» **Data section**:

-- -- --

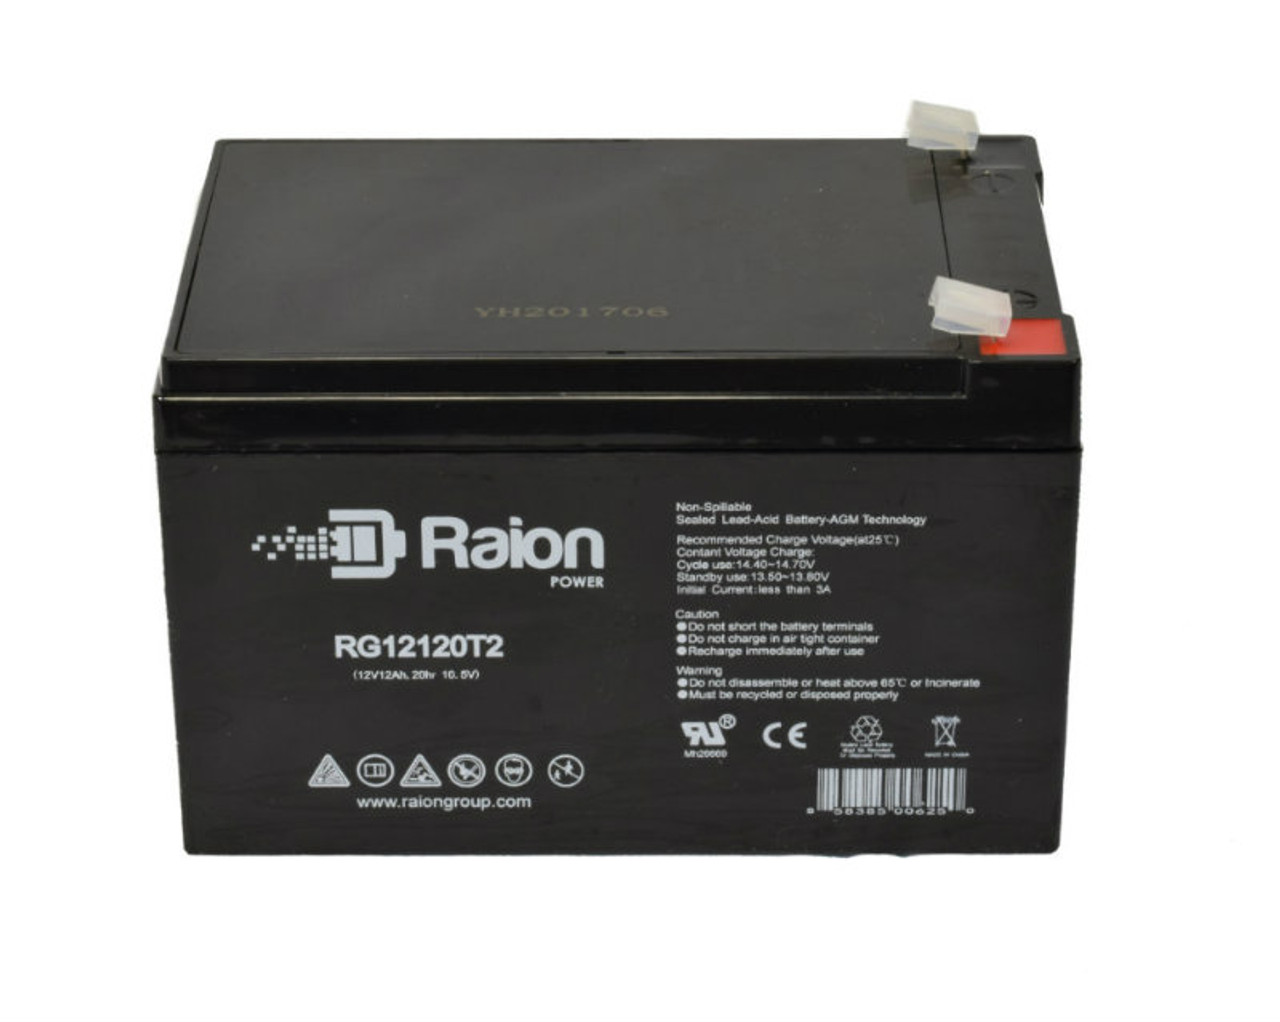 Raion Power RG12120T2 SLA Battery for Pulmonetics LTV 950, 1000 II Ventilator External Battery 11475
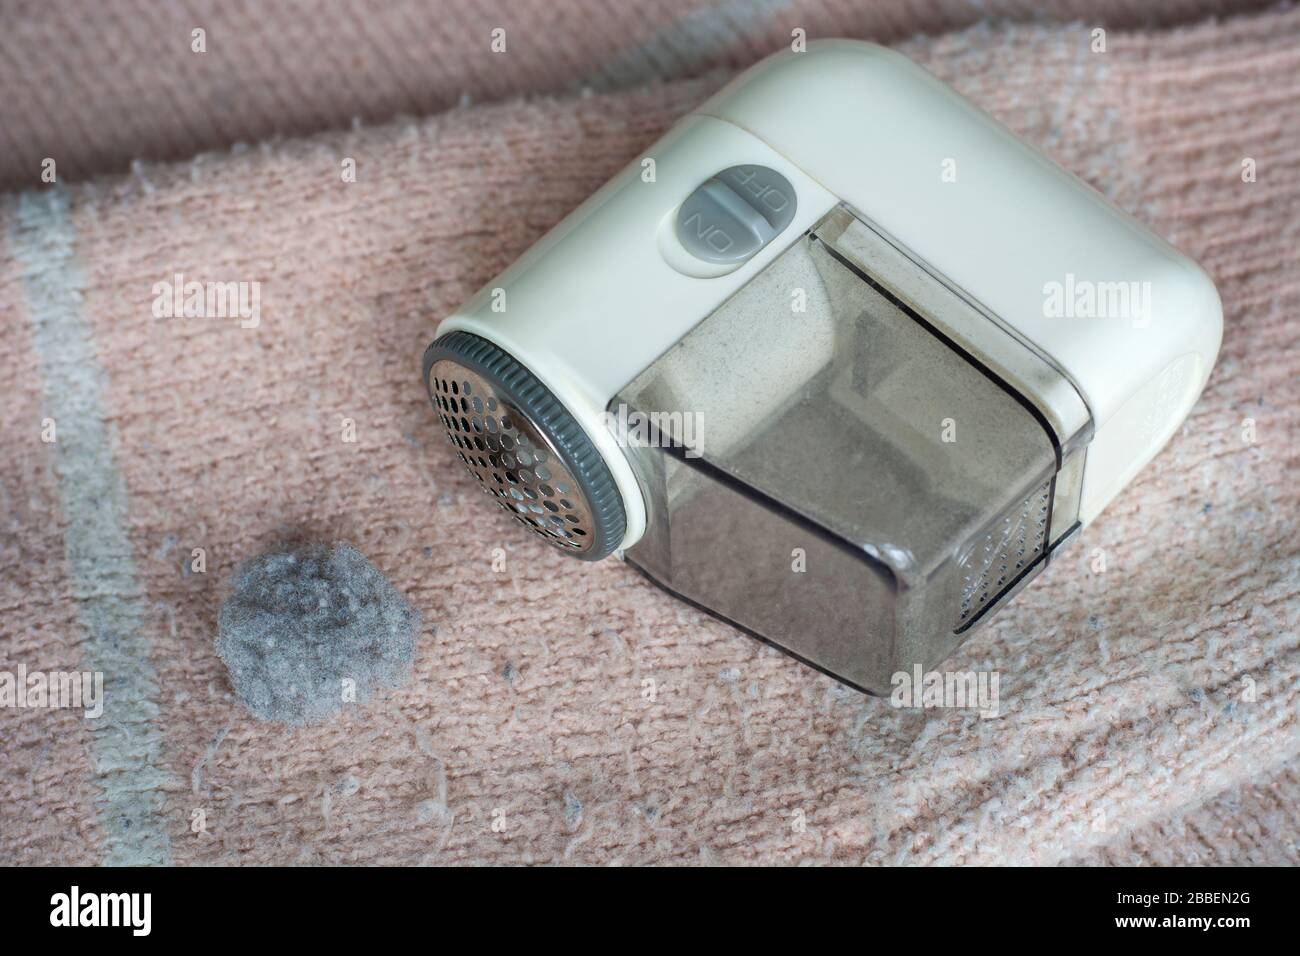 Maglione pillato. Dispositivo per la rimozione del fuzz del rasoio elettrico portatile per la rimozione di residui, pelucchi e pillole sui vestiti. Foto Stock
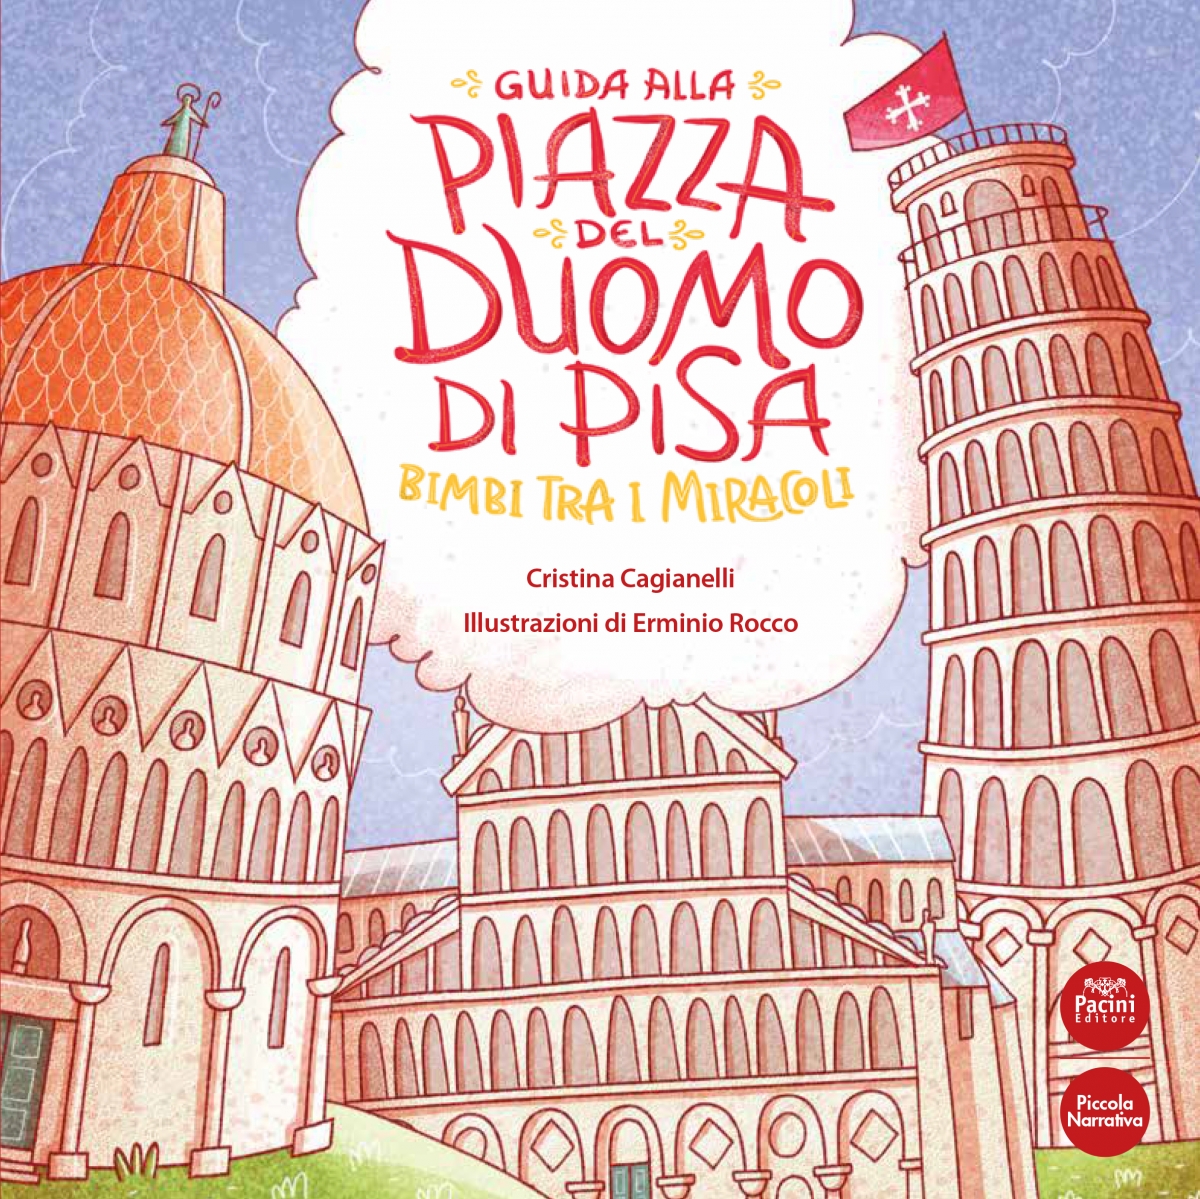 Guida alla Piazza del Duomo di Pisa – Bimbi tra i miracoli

-- -- --

» **Exercise brief**: Please write out exactly the lines from the one holding "Maglione pillato. Dispositivo" through the last line of the material above, both included, as a copy without pictures.

» **Solution to this problem**:
 Maglione pillato. Dispositivo per la rimozione del fuzz del rasoio elettrico portatile per la rimozione di residui, pelucchi e pillole sui vestiti. Foto Stock
 Guida alla Piazza del Duomo di Pisa – Bimbi tra i miracoli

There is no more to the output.